* [Dataset section]
*** Begin section ***

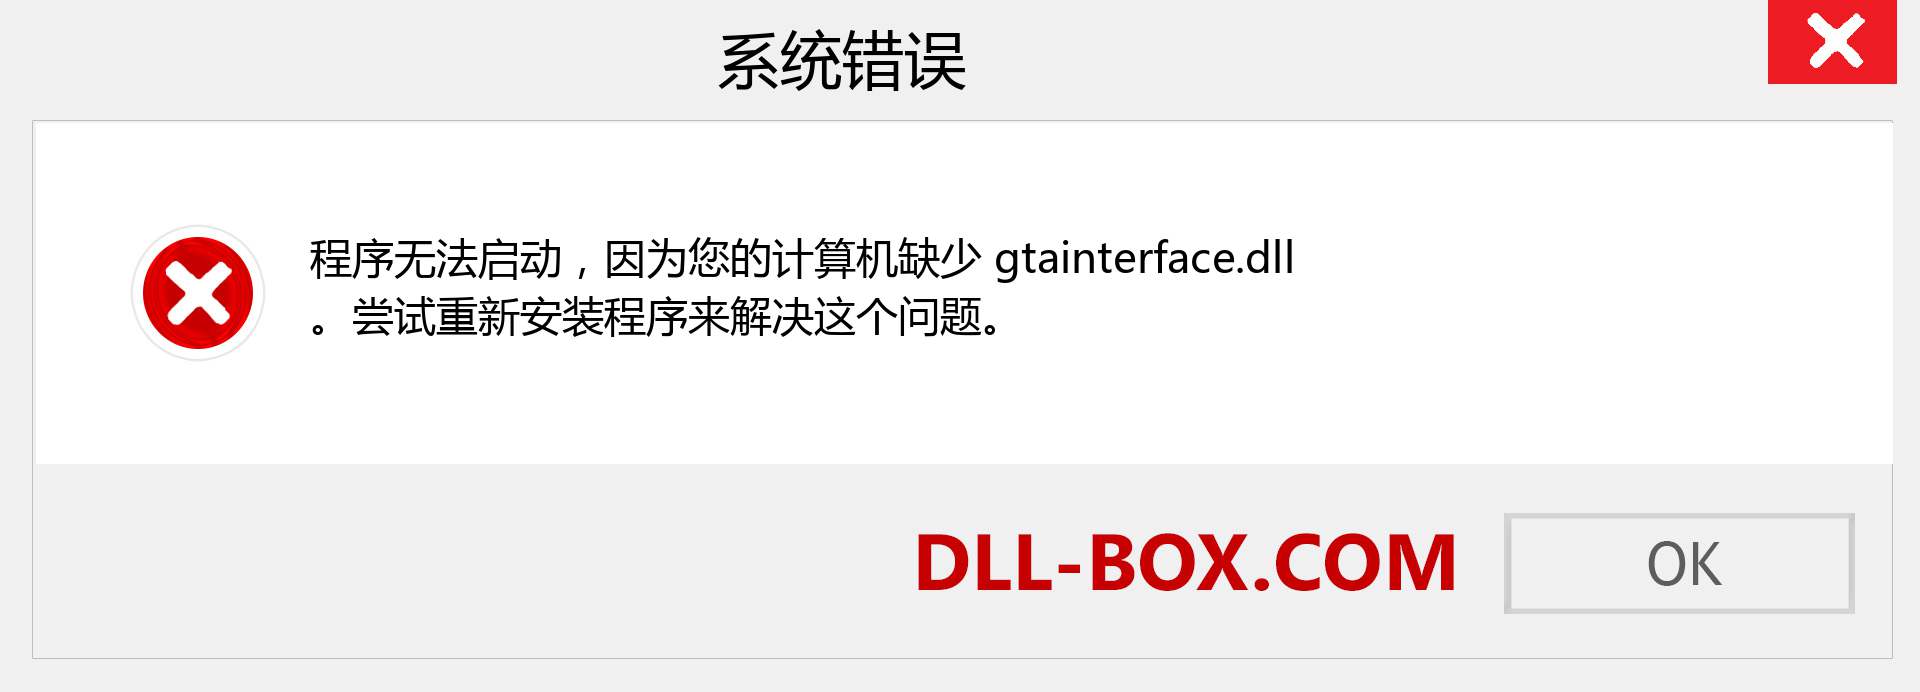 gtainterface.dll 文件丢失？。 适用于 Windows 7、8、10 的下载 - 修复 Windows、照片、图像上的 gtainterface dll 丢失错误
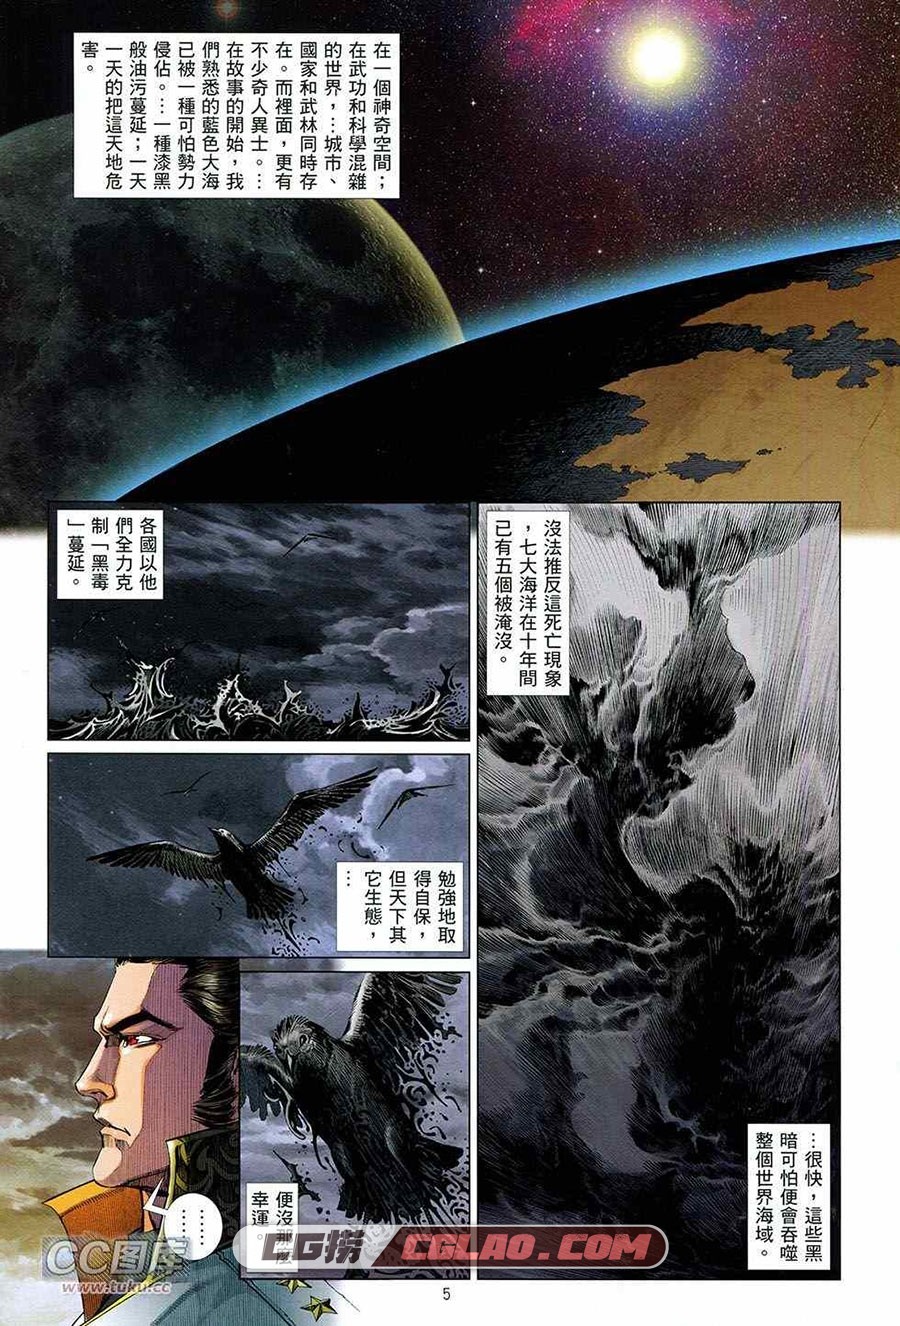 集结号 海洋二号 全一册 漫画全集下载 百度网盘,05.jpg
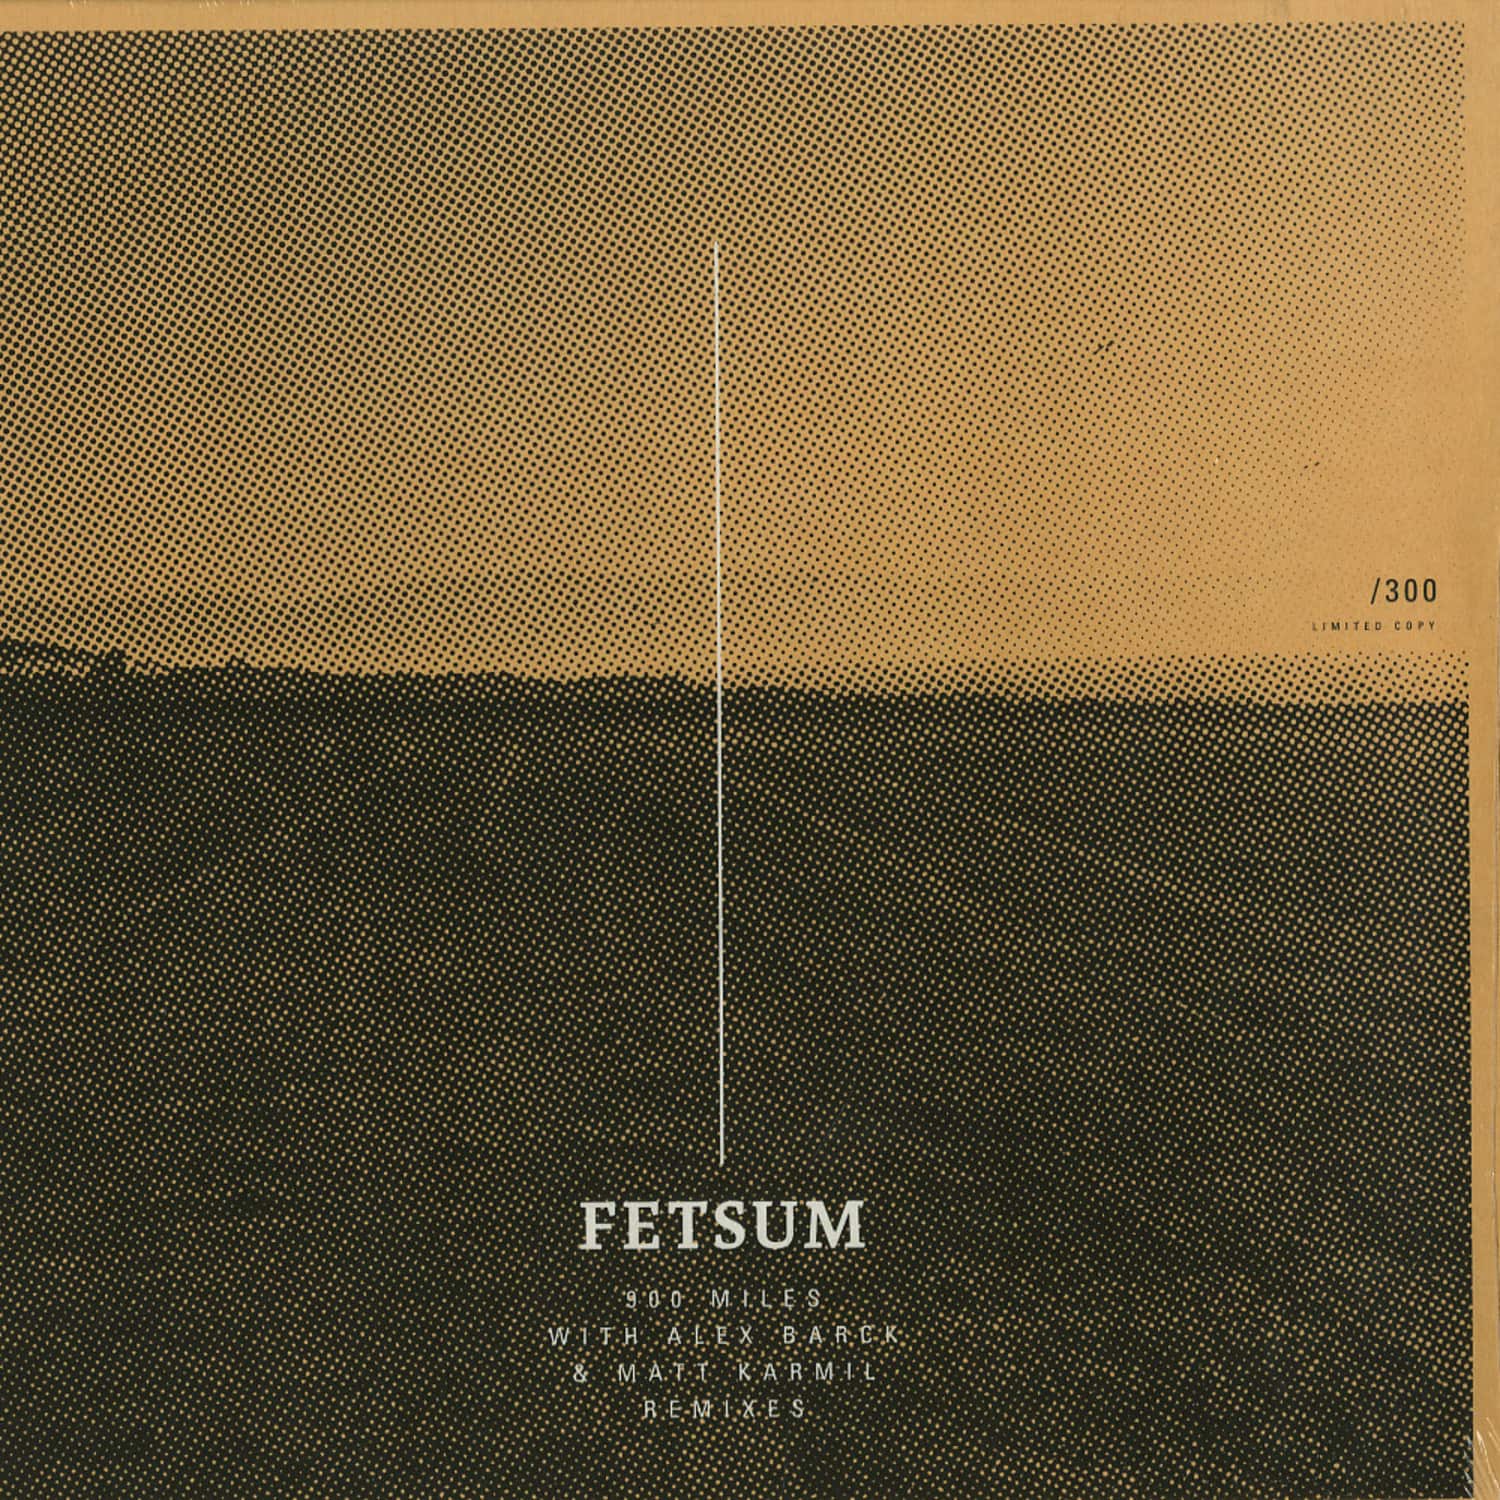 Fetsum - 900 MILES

*** End section ***

* [Problem] Print the material above once more, exactly. No pictures belong in it.

* [Result]
 gtainterface.dll 文件丢失？。 适用于 Windows 7、8、10 的下载 - 修复 Windows、照片、图像上的 gtainterface dll 丢失错误
 集结号 海洋二号 全一册 漫画全集下载 百度网盘,05.jpg
 Fetsum - 900 MILES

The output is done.